[[ SUPPLIED DATA open ]]

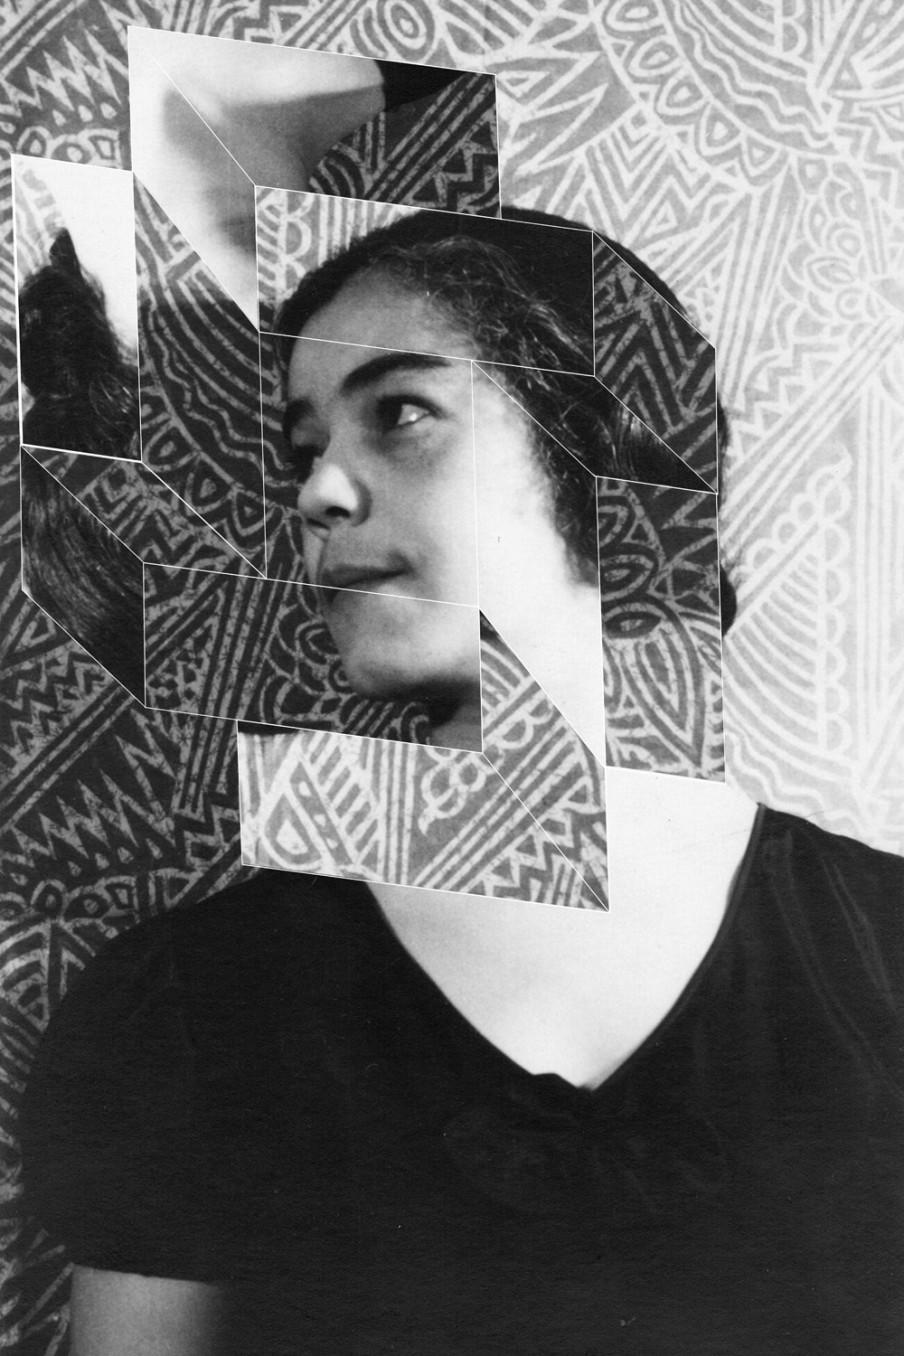 Andrea Geyer, Constellations Dorothy Peterson After Vanvechten, 2018, Hand Cut Archival Print On Rag Paper, 86.4 X 58.4 cm
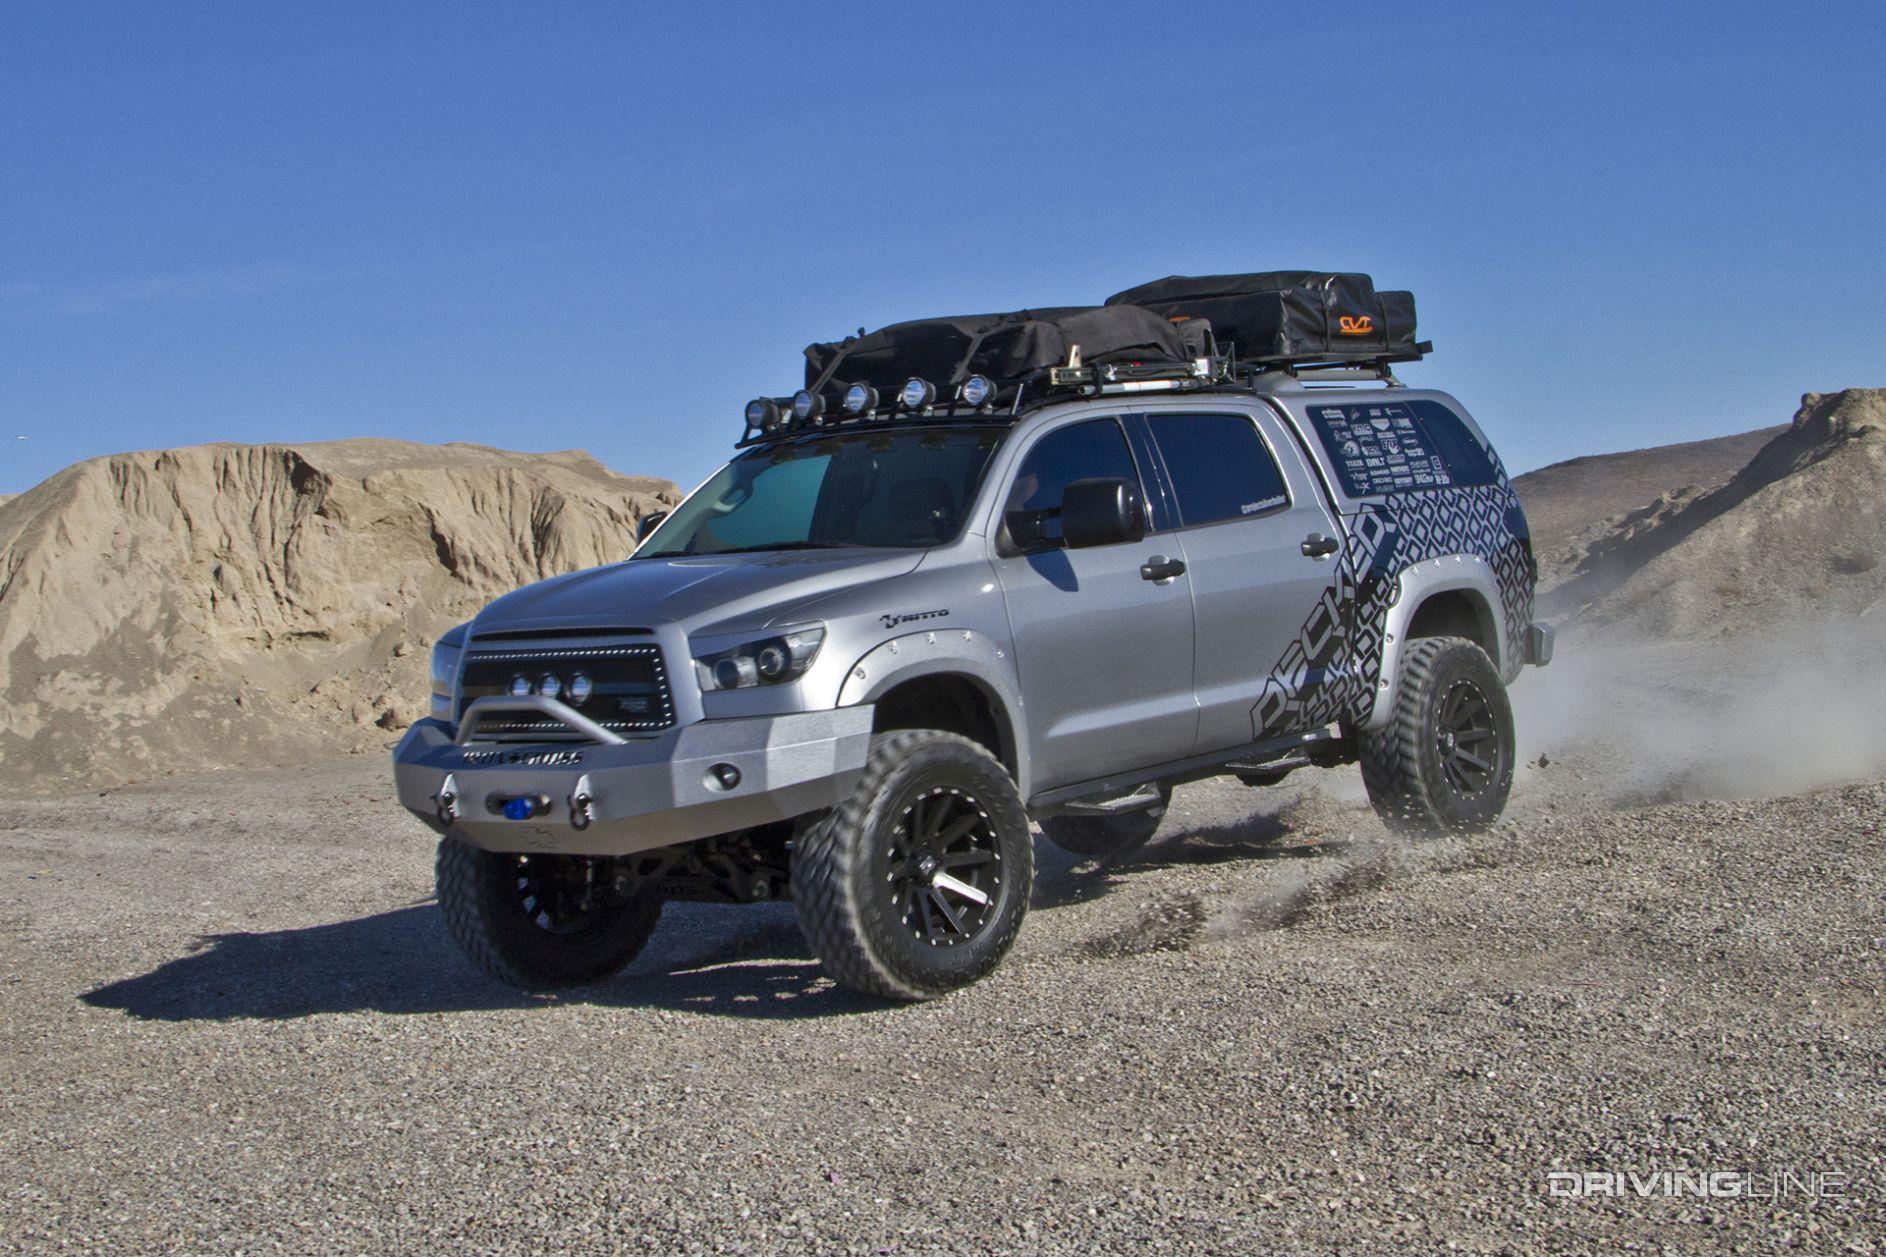 Best Truck Camper For Toyota Tundra Toyota Tundra Camper
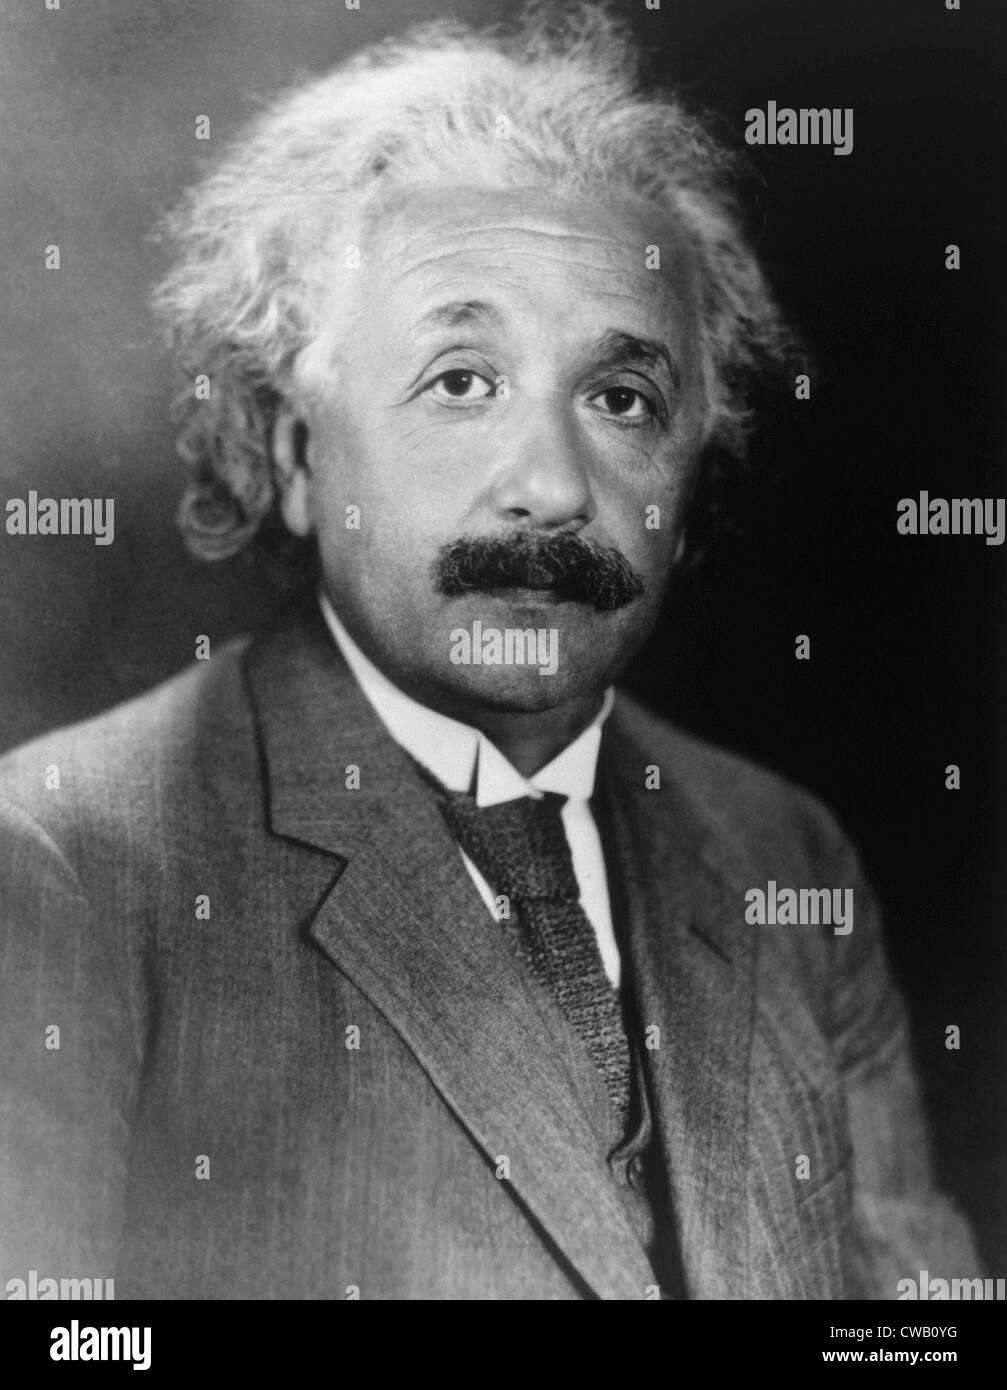 Albert Einstein (1879-1955) - Stock Image
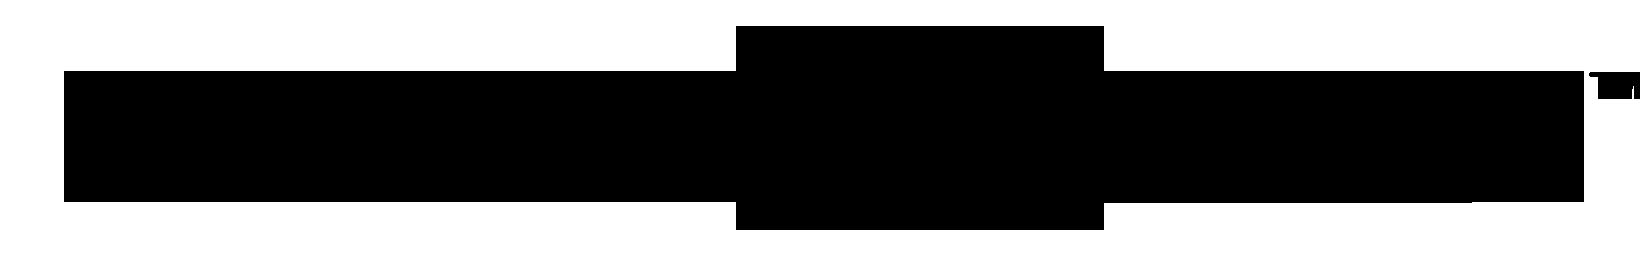 bqlogotestb-1.png
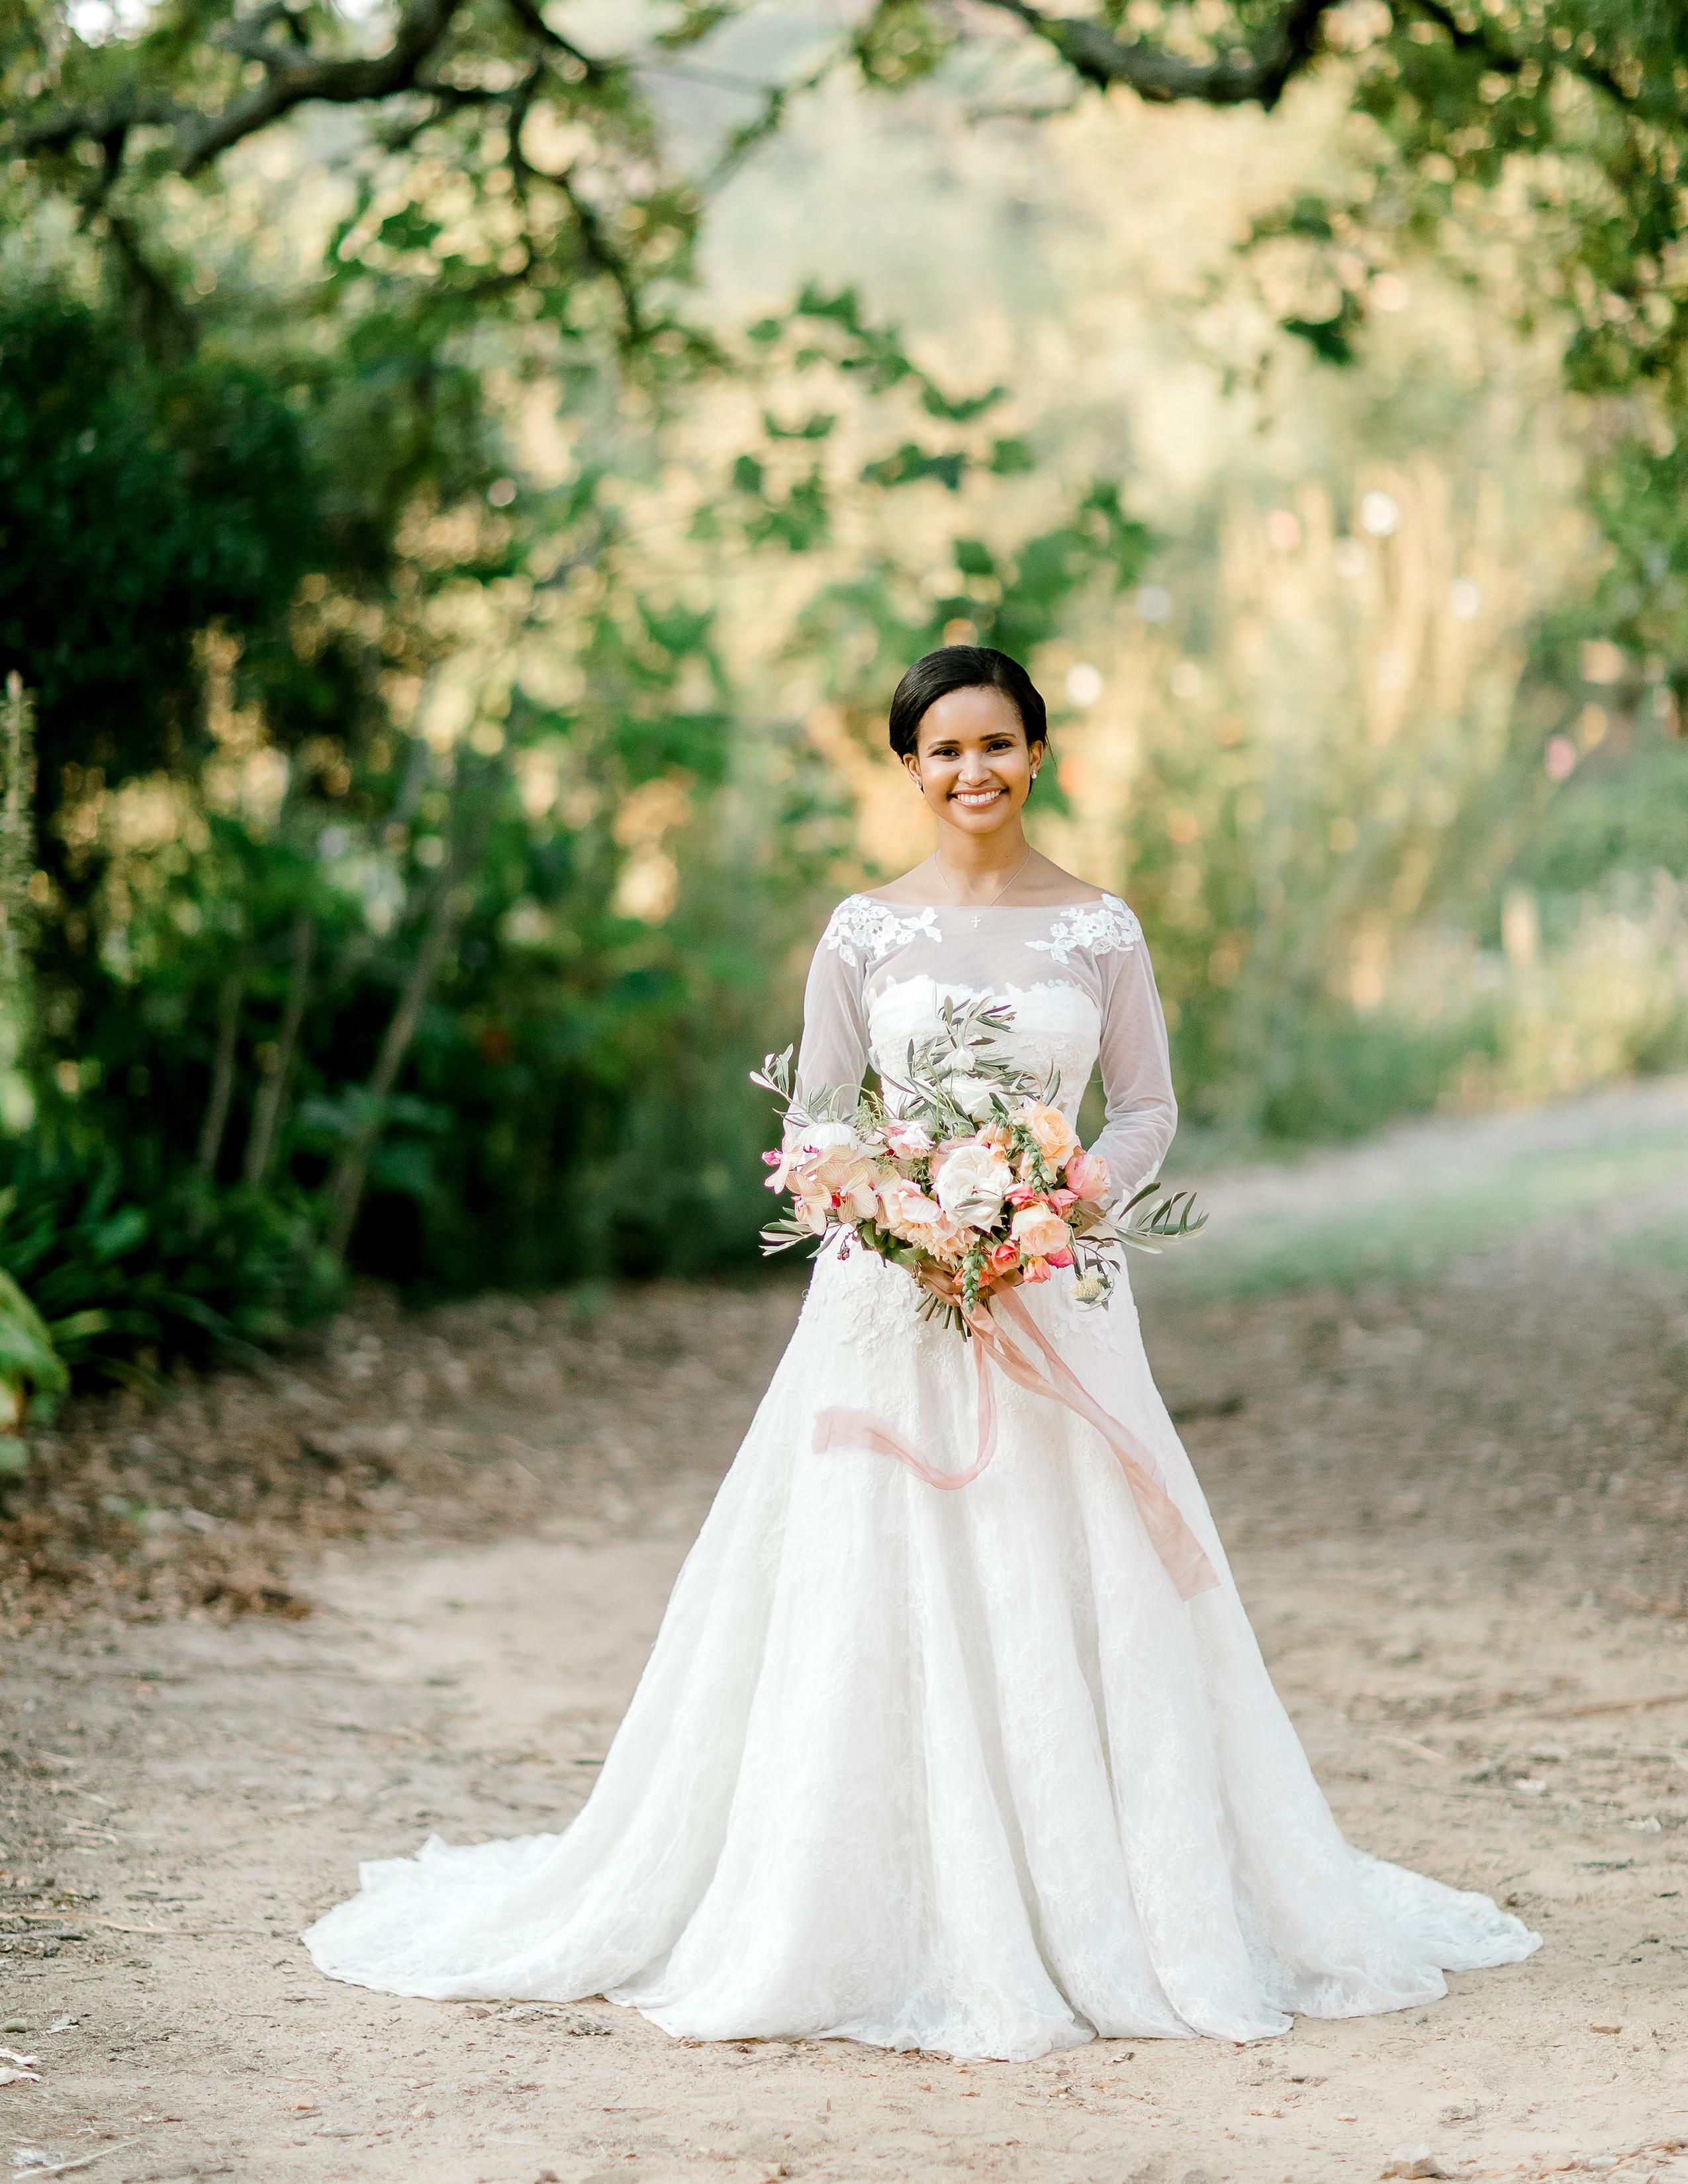 rorisang stephen wedding bride in wedding dress

[[ SUPPLIED DATA closed ]]

= THE PROBLEM =
Copy the listing above word for word. Do not include the pictures.

= EXERCISE OUTPUT =
 Andrea Geyer, Constellations Dorothy Peterson After Vanvechten, 2018, Hand Cut Archival Print On Rag Paper, 86.4 X 58.4 cm
 Best Truck Camper For Toyota Tundra Toyota Tundra Camper
 Albert Einstein (1879-1955) - Stock Image
 bqlogotestb-1.png
 rorisang stephen wedding bride in wedding dress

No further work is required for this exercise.